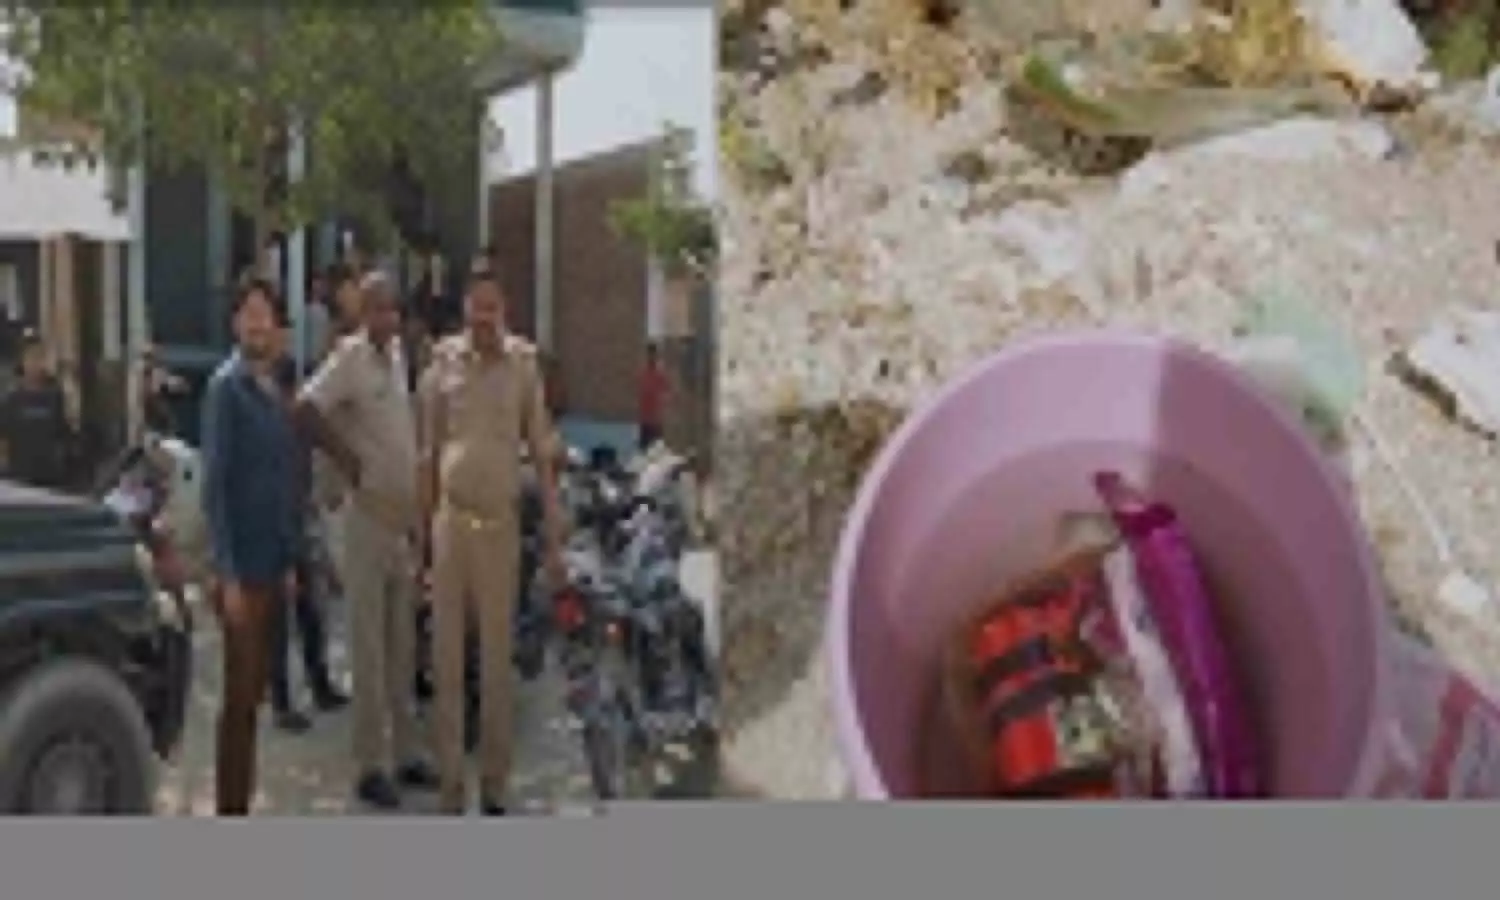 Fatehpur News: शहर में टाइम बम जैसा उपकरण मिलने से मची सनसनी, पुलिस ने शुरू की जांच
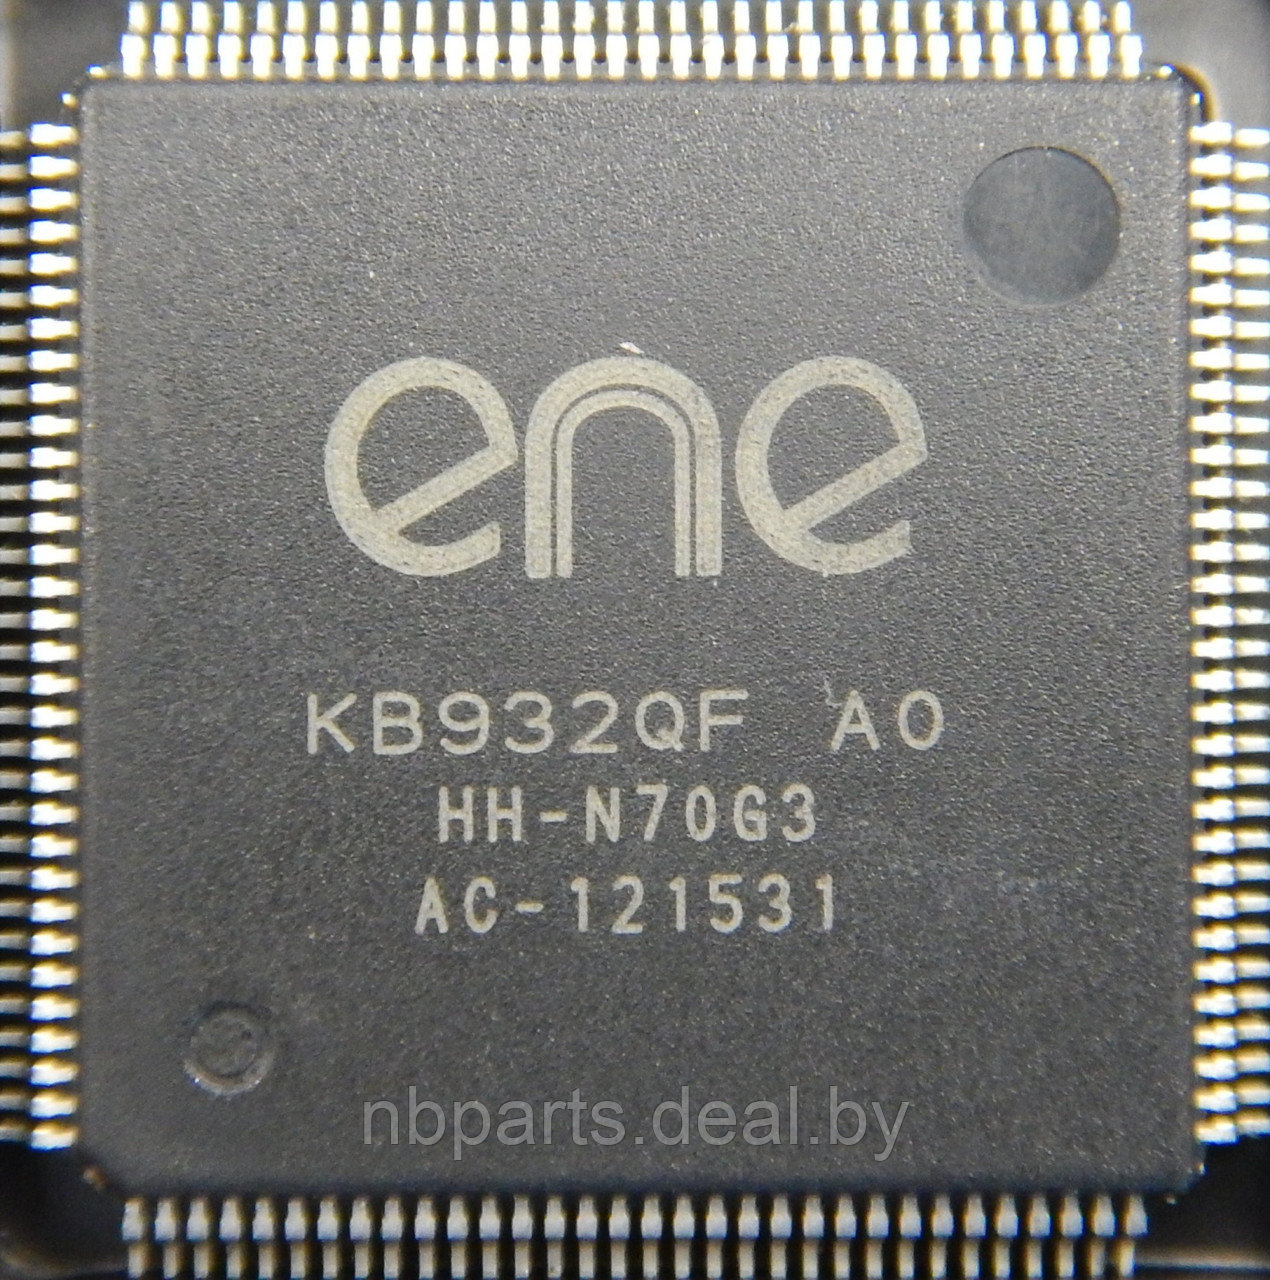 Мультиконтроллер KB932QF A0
---
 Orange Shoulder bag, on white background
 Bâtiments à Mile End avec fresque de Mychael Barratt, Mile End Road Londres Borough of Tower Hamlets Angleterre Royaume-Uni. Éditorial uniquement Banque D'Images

## Work item
Return only the stretch above from the line containing "Fatehpur News: शहर" through the line containing "Мультиконтроллер KB932QF A0", word for word and without pictures.

## The completed task
 Fatehpur News: शहर में टाइम बम जैसा उपकरण मिलने से मची सनसनी, पुलिस ने शुरू की जांच
 Мультиконтроллер KB932QF A0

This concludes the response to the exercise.